_Data block_:
╔══

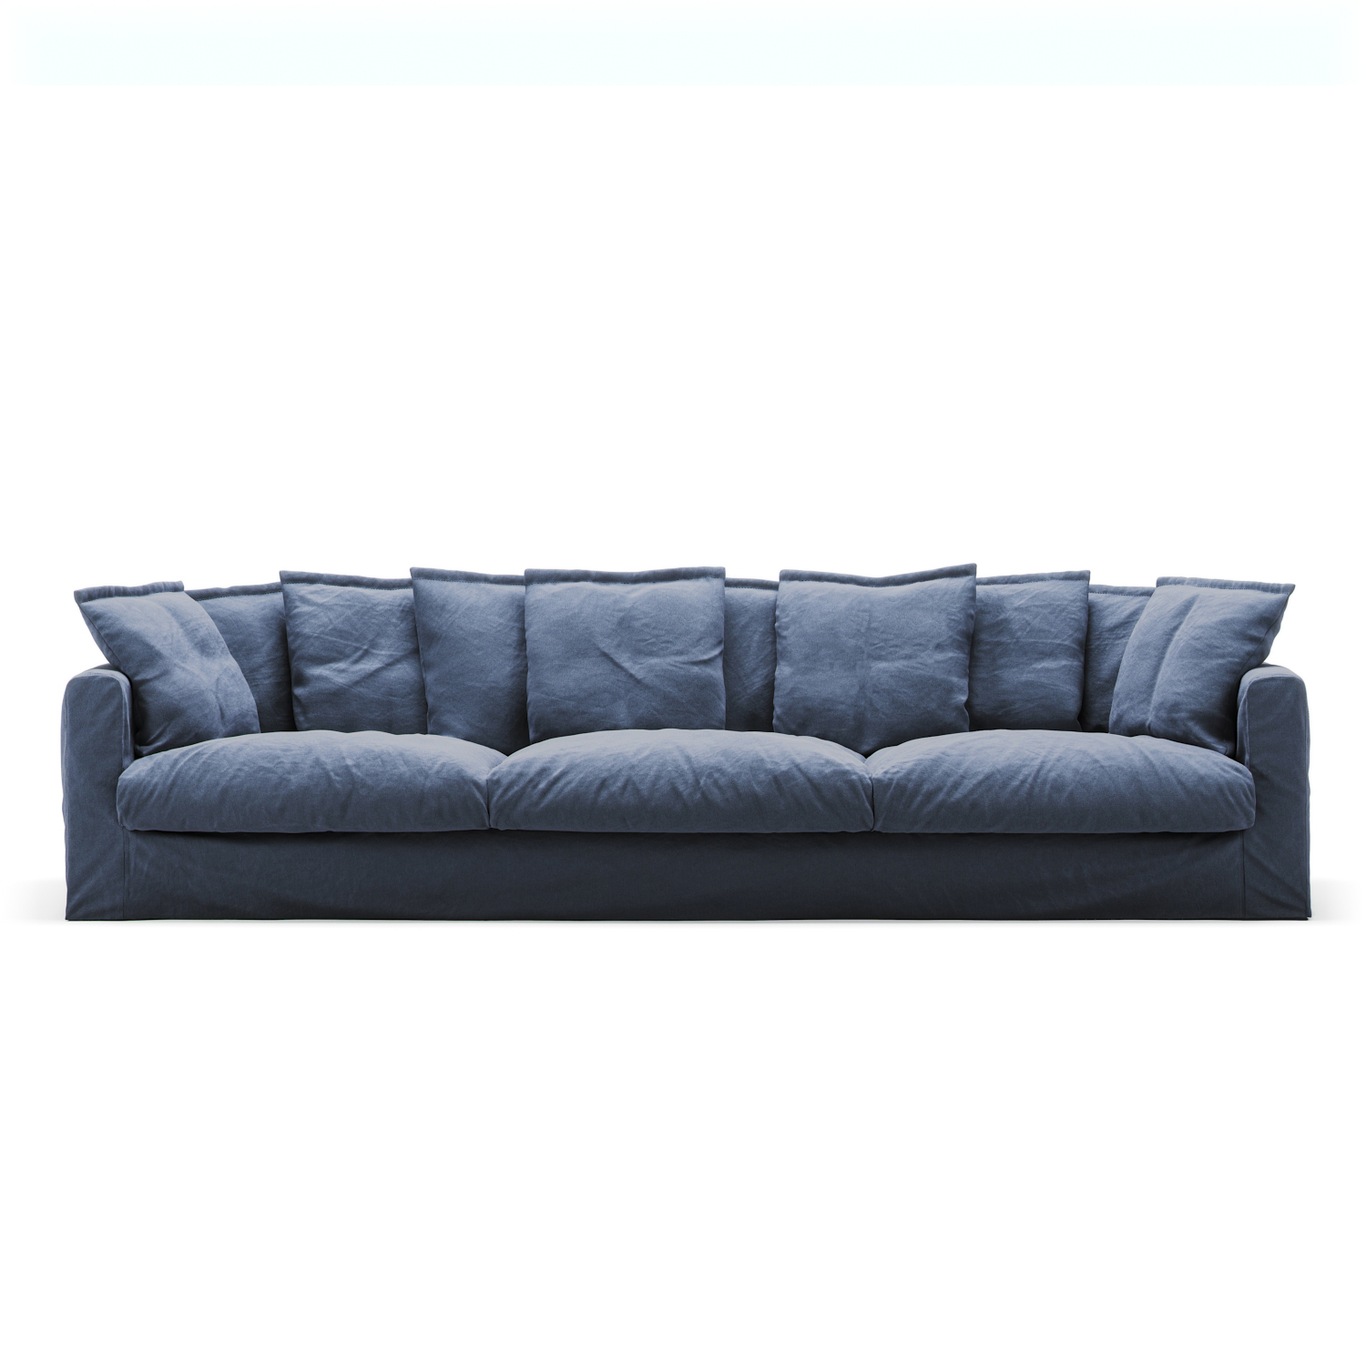 Le Grand Air Sofa 5-Sitzer Baumwolle, Dunkelblau
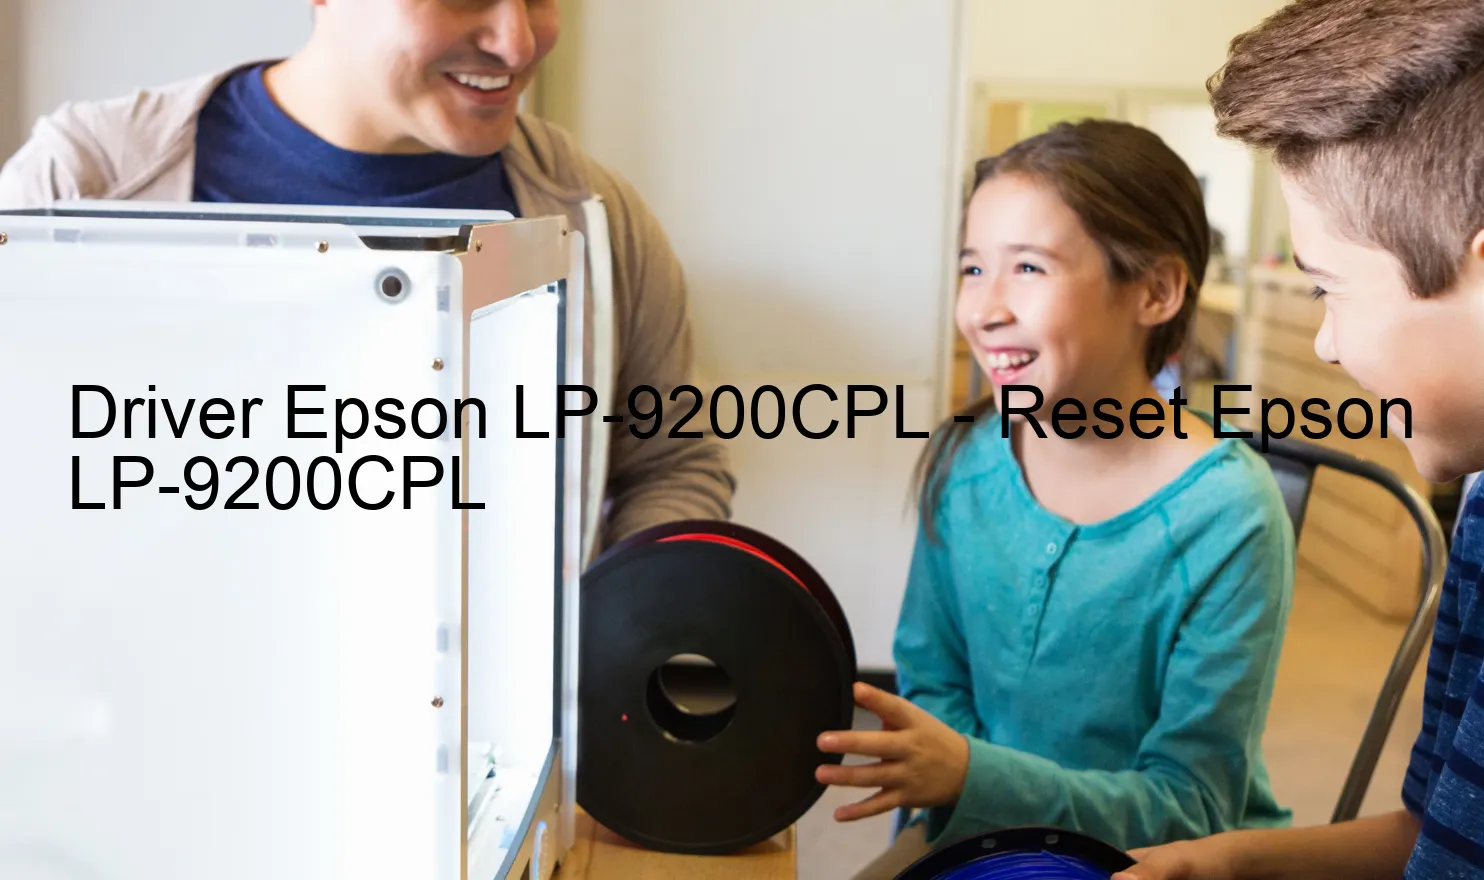 Epson LP-9200CPLのドライバー、Epson LP-9200CPLのリセットソフトウェア
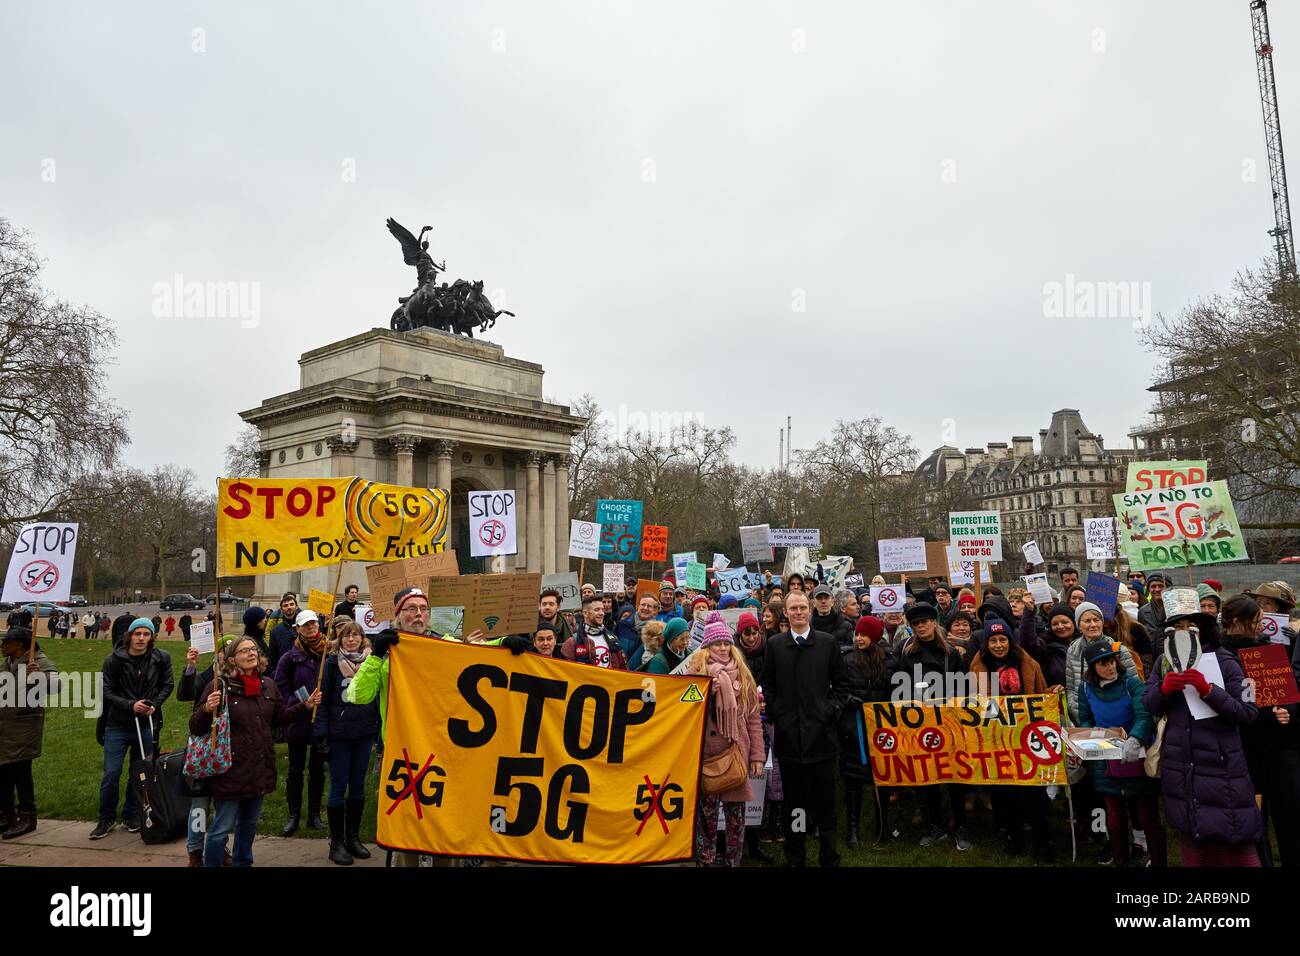 Londres, Reino Unido - 25 de enero de 2020: Los manifestantes se reúnen en Hyde Park Corner pidiendo que se detenga la introducción de la tecnología 5G. Foto de stock

╚══

_Work task_: Transcribe the preceding listing in its entirety and with exact wording, leaving out pictures.

_Solution to the exercise_:
 Le Grand Air Sofa 5-Sitzer Baumwolle, Dunkelblau
 Epson LP-9200CPLのドライバー、Epson LP-9200CPLのリセットソフトウェア
 Londres, Reino Unido - 25 de enero de 2020: Los manifestantes se reúnen en Hyde Park Corner pidiendo que se detenga la introducción de la tecnología 5G. Foto de stock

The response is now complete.